Bei der Zukunft des eigenen Unternehmens spielt das Thema Erbrecht eine zentrale Rolle. In der Schweiz wurden kürzlich zwei Revisionen des Erbrechts diskutiert – einmal mit und einmal ohne Erfolg. Doch was bedeutet das für Sie als Unternehmerin oder Unternehmer? Oliver Pscheid, Jurist und UBS-Experte für Nachfolgeplanung, gibt zu diesem Thema eine Einschätzung und wertvolle Ratschläge.

Am 1. Januar 2023 hat der Bundesrat den ersten Teil des revidierten Erbrechts in Kraft gesetzt. Ziel war es, das Erbrecht mit der Reduktion der Pflichtteile auf die heutigen Bedürfnisse der Bevölkerung auszurichten. Dies ermöglicht es Erblasserinnen und Erblassern, über einen grösseren Teil ihres Nachlasses frei zu verfügen. Für Unternehmerinnen und Unternehmer bietet diese Änderung eine willkommene Flexibilität bei der Planung der Unternehmensnachfolge.

Die gescheiterte zweite Revision

Der zweite Teil der Erbrechtsrevision zielte darauf ab, die familieninterne Unternehmensnachfolge zu erleichtern. Um diese weiter zu begünstigen, hatte der Bundesrat in seiner im Juni 2022 verabschiedeten Botschaft vier zentrale Massnahmen vorgeschlagen:

  • Recht auf Integralzuweisung eines Unternehmens in der Erbteilung
  • Zahlungsaufschub für Erbteile der nicht übernehmenden Erbenden
  • Regeln für den Anrechnungswert des lebzeitig übertragenen Unternehmens zum Zuwendungszeitpunkt
  • Schutz von Pflichtteilserben, Minderheitsbeteiligungen übernehmen zu müssen

Diese Vorlage scheiterte jedoch im März 2024 im Ständerat. Trotzdem wird die Diskussion über die Nachfolgeregelung weiterhin geführt.

Im Interview erklärt Oliver Pscheid, Experte für Nachfolgeplanung bei UBS, was sich verändern könnte und worauf Unternehmerinnen und Unternehmer nun achten sollten.

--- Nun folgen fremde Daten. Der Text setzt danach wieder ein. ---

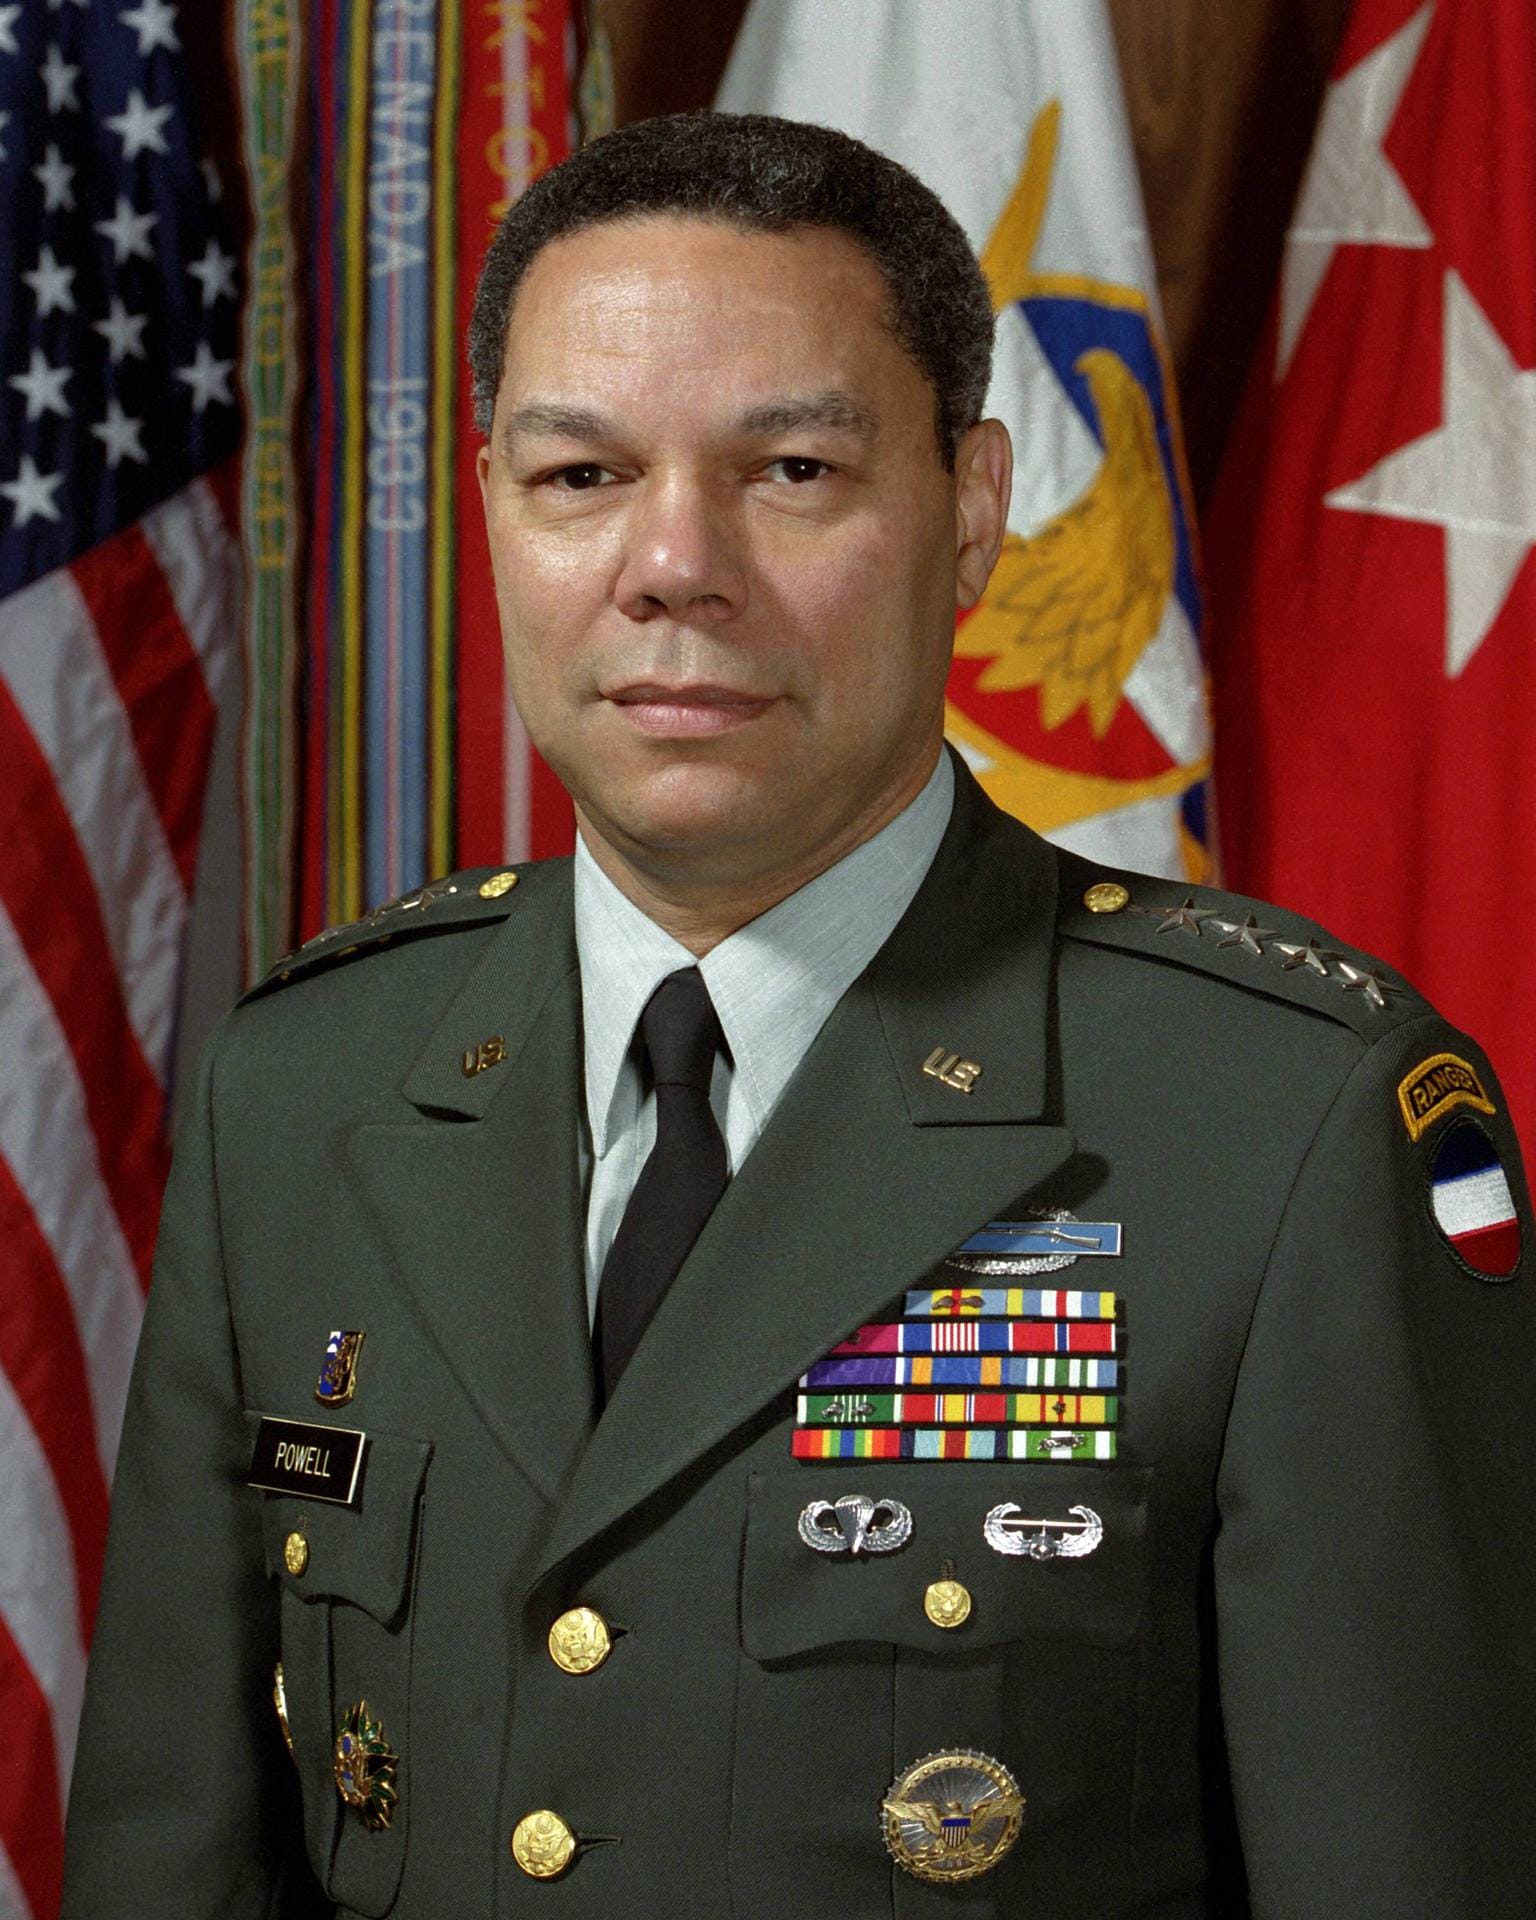 Vor seiner Zeit als Außenminister hatte Powell Karriere in der US-Armee gemacht, wo er es bis zum Vier-Sterne-General brachte. Von 1989 bis 1993 war Powell Generalstabschef der US-Regierung – ebenfalls als erster Afroamerikaner in dieser Position.

Am 1. Januar 2023 ist eine Revision in Kraft getreten, die insbesondere die Reduktion von Pflichtteilen zum Ziel hat. Im zweiten Revisionsschritt sollten spezielle Regelungen für eine erleichterte familieninterne Unternehmensnachfolge gesetzlich verankert werden. Dieses Vorhaben ist jedoch im Parlament gescheitert. Wie sieht Ihre Einschätzung dazu aus?

Oliver Pscheid: Die bereits in Kraft getretene Revision des Erbrechts reduziert die Pflichtteilansprüche von Nachkommen und streicht die der Eltern gänzlich. Damit bekommen Erblasserinnen und Erblasser endlich mehr Freiheit bei der Verteilung ihres Nachlasses. Diese Änderungen sind für Unternehmerinnen und Unternehmer sehr wichtig, weil sich eine Aufteilung des Unternehmens und gleichzeitig die Gleichbehandlung der Nachkommen in der Praxis oft als schwierig erweisen.

Der zweite, nun gescheiterte Pfeiler der Revision hätte die Einführung eines eigentlichen Unternehmenserbrechts bedeutet. Dieses hätte die familieninterne Übertragung eines Unternehmens bereits zu Lebzeiten oder im Erbfall erleichtert. Ziel war es, Nachfolgeprozesse zu vereinfachen, die Stabilität von Schweizer KMU zu stärken und Arbeitsplätze zu sichern.

Auch wenn die zweite Revision gescheitert ist, haben die intensiven Debatten in National- und Ständerat eindrücklich gezeigt, wie wichtig eine klare Nachfolgeregelung für Unternehmer und Unternehmerinnen, ihre Nachfolgen und ihr Unternehmen ist.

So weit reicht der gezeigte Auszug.